North-Central Section - 50th Annual Meeting - 2016

Paper No. 3-3
Presentation Time: 8:40 AM

LAKE AGASSIZ IS A CONUNDRUM - SHOULD THE CHRONOLOGY BE LIKEWISE?


LOWELL, Thomas V., Department of Geology, Univeristy of Cincinnati, 500 Geology/Physics, Cincinnati, OH 45221, FISHER, Timothy G., Department of Earth, Ecological & Environmental Sciences, Univ of Toledo, 2801 West Bancroft Rd. MS#604, Toledo, OH 43606-3390 and LEPPER, Kenneth, Department of Geosciences, North Dakota State University, P.O. Box 6050, Dept. 2745, Fargo, ND 58108-6050, Thomas.Lowell@uc.edu

The history of glacial Lake Agassiz has been debated for over a century and assigned ages for various events within the basin have evolved. Relative events within the former lake include initial inception, an expansion phase, a low phase, continued expansion, and its demise. Although geomorphic features formed during each of these events, surprisingly few events have been assigned unambiguous ages. Here we synthesize the chronology emerging from recent research to suggest a revised working history.

To assign ages to geomorphic features during events we employ a statistical approach that combines all chronologic data related to a specific event, and summarizes it as probability distribution. Note that a variety of dating techniques have been used (14C, OSL, 10Be). Thus depending on the stratigraphic context and dating method, the probability distributions can form brackets (taken at the 95% level) or highest probability age assignments for those events that, to date, have yielded information.
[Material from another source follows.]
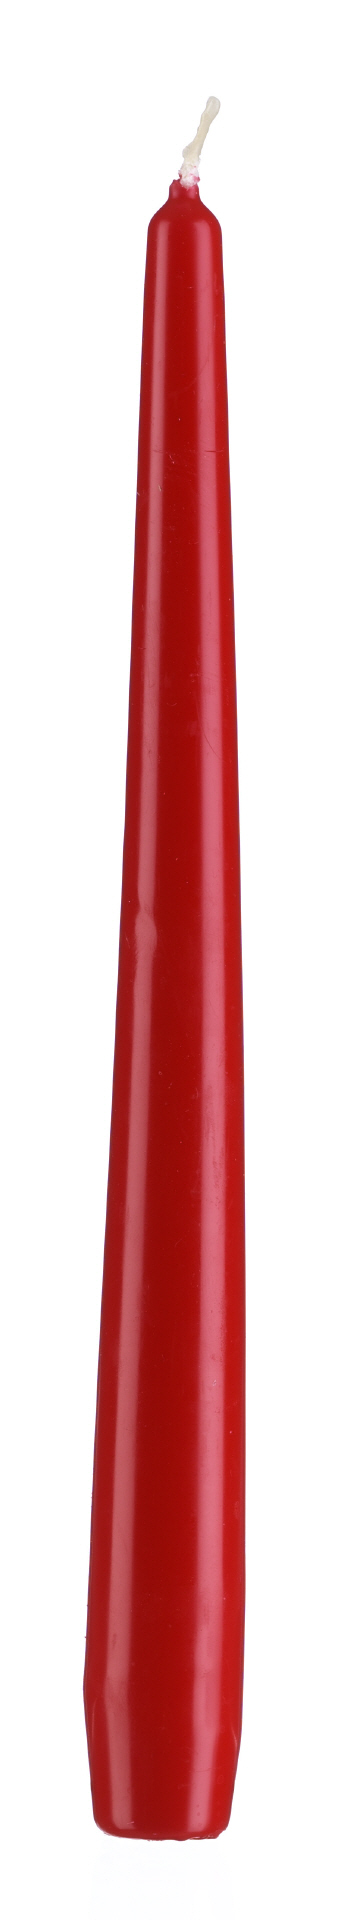 50 Stück Spitzkerzen Orig.Verp. rot 245x23mm Kerzen Leuchterkerzen 
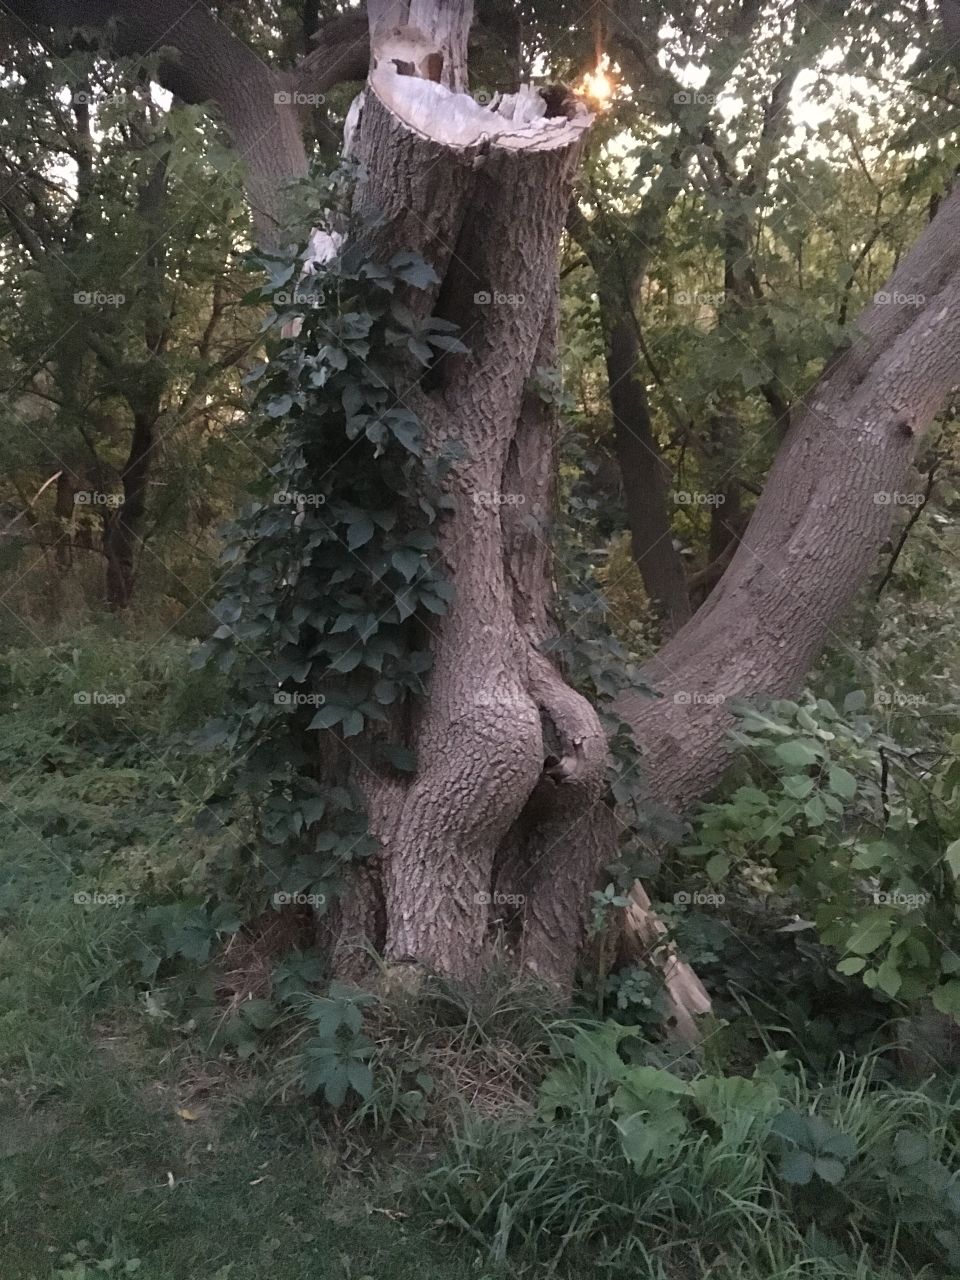 Tree funny

In practice, these only provide snapshots of events occurring in that portion of the glacial Lake Agassiz basin located ~south of 50° N latitude.

As a working model we suggest that: 1) the lake could not have formed until after ~15.3 ka as that is the minimum age for the formation of the Big Stone moraine; 2) expansion of the lake occur after 13.1 ka; 3) major shorelines formed at least at 14.2, 13.5, and 10.5 ka; 4) the beginning of the low phase was 13.1 ka or 12.7 ka depending upon location, and rising water terminated the low phase at ~11.5 ka; 5) any lake expansion during or after the formation of the 10.5 ka (Campbell) shoreline, and the lakes eventual demise remain to be placed into a solid chronology. This working model, if validated, implies that most events within or adjacent to the lake Agassiz basin still remain poorly constrained in time as the evolving lake followed the receding ice margin during the late Glacial and early Holocene time.